Yesterday, in Glamour new mom and writer Petra Guglielmetti calls out the celeb media’ obsession with the post delivery celeb mom, in her piece, “Let’s Stop Clicking on Stories About Celebrities’ Post-Baby Bodies”.
Here is an excerpt:
Today I “stepped out post-baby,” also known in the tabloids as debuting my post-baby body. At least I think today would be considered my official debut—I left the house to work at a cafe after months of maternity leave. According to the headlines, celebrity moms debut themselves after childbirth in a variety of ways. Some, like Blake Lively, “display” and/or “flaunt” their post-baby selves by wearing clothing—not even necessarily revealing clothing—to press events. Many “show off” en route to the gym, a la Jessica Biel. Others simply venture out in public with a friend, like Jaime King (“Less than weeks after giving birth to baby Leo, Jaime King is already making her way out into the world.” Less than weeks? And wow, to think, boldly being visible out in public like that.) Apparently, when you are famous and have just given birth, such normal-seeming activities become debuts, opportunities for the world to examine how well your looks fared during that whole growing-and-birthing-a-human-being thing…..

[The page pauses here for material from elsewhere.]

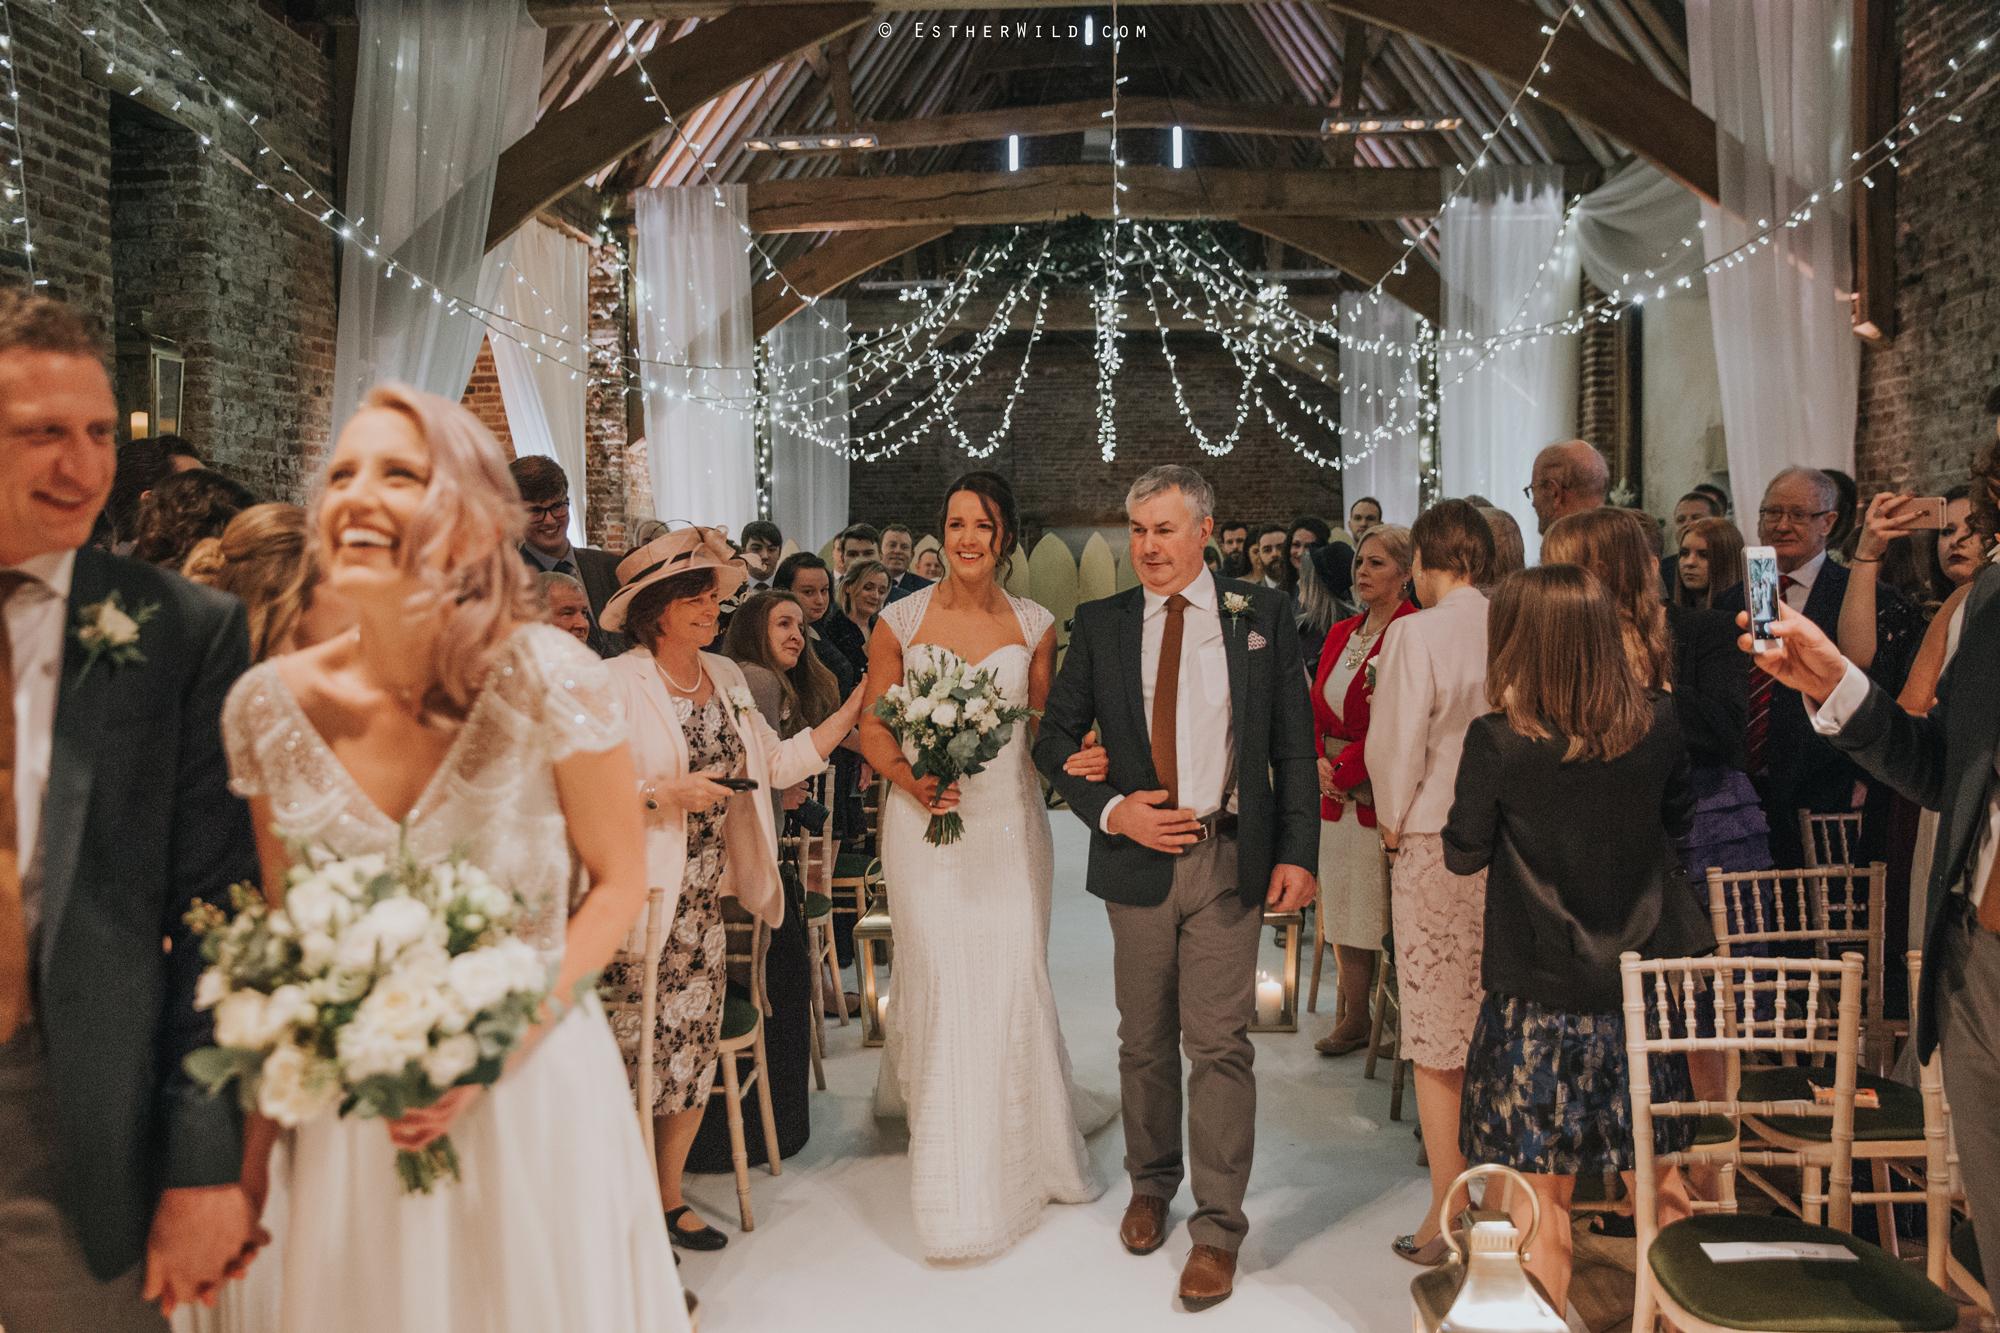 Elms_Barn_Weddings_Suffolk_Photographer_Copyright_Esther_Wild_IMG_1126.jpg
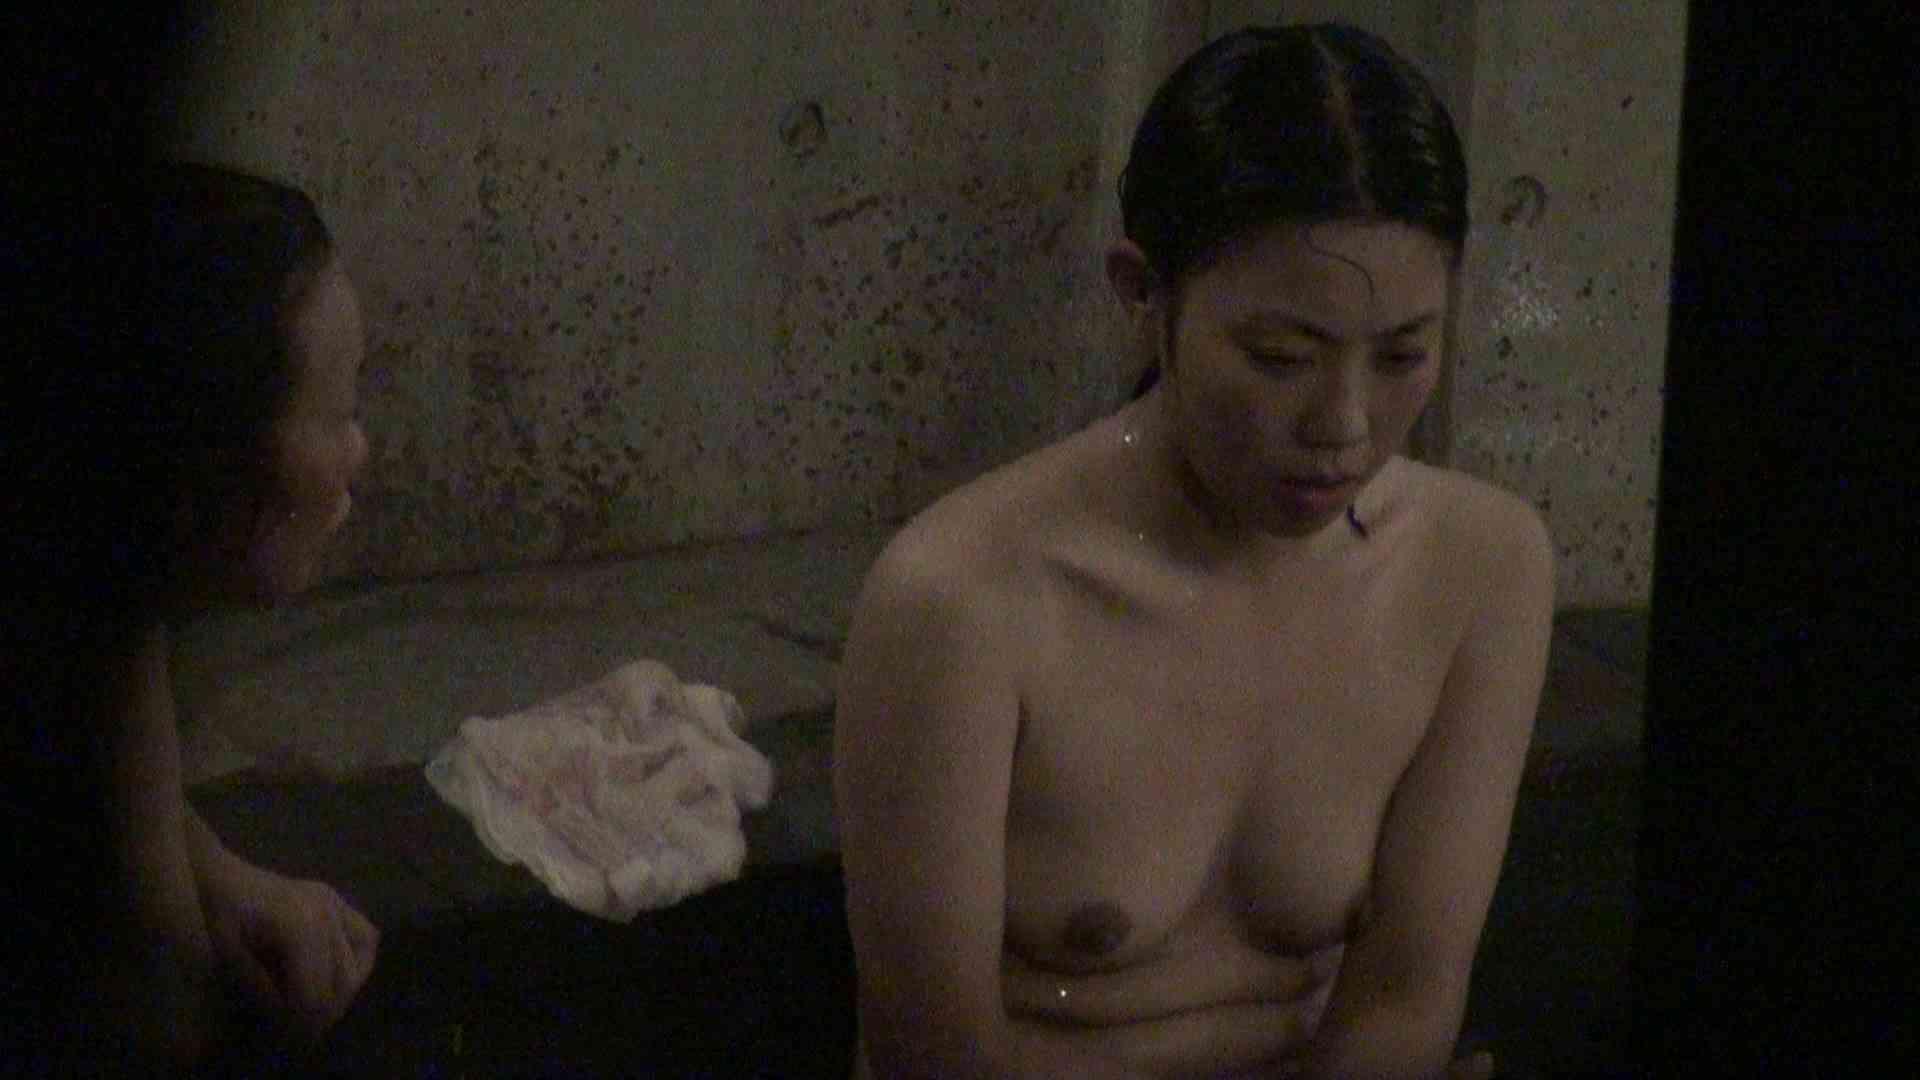 Aquaな露天風呂Vol.330 OLのエロ生活 | 露天風呂  101連発 19

….It’s hard not to click on these stories, even though we realize we shouldn’t encourage paparazzi to stalk new moms, who are already vulnerable, riding a roller coaster of stress and hormones. (Yes, professional actors sign up for a certain amount of media attention, but motherhood—especially new motherhood—should be sacred, no matter how high-profile you are.) We click even though we realize we should not compare ourselves to people who have full-time nannies and on-call glam squads. We click even though we realize that every woman’s build and metabolism and biology is unique; most of us didn’t have Jessica Alba’s post-baby abs before we had kids. We click even though we know we’ll glimpse comments that make us lose faith in humanity (“Looks like her boobies have deflated!”).
She then goes on to express her experiences of living life fully after delivering her baby and under different standards and without the flashing lights and glare of the public. She confesses that the media stories about celebs, however, can impact women’s opinion of their own post-baby bodies. Finally, Guglielmetti proposes we all work to end it:
Here’s what I propose: Let’s stop clicking. Just decide here and now that we’re not doing it anymore. It’s one little-but-big way in which we can make our world a kinder place for new moms, and women in general. When you see any headline with any variation on “post-baby body” in it, just don’t click. As someone who has been employed as an online writer for a long time now, I promise you that editors will notice that we’re all not clicking and that those stories will dwindle and eventually disappear. Wouldn’t that be lovely?
I’m down. We don’t really cover post-baby bodies that much anymore here so, less clicks for our competitors sounds lovely! ha!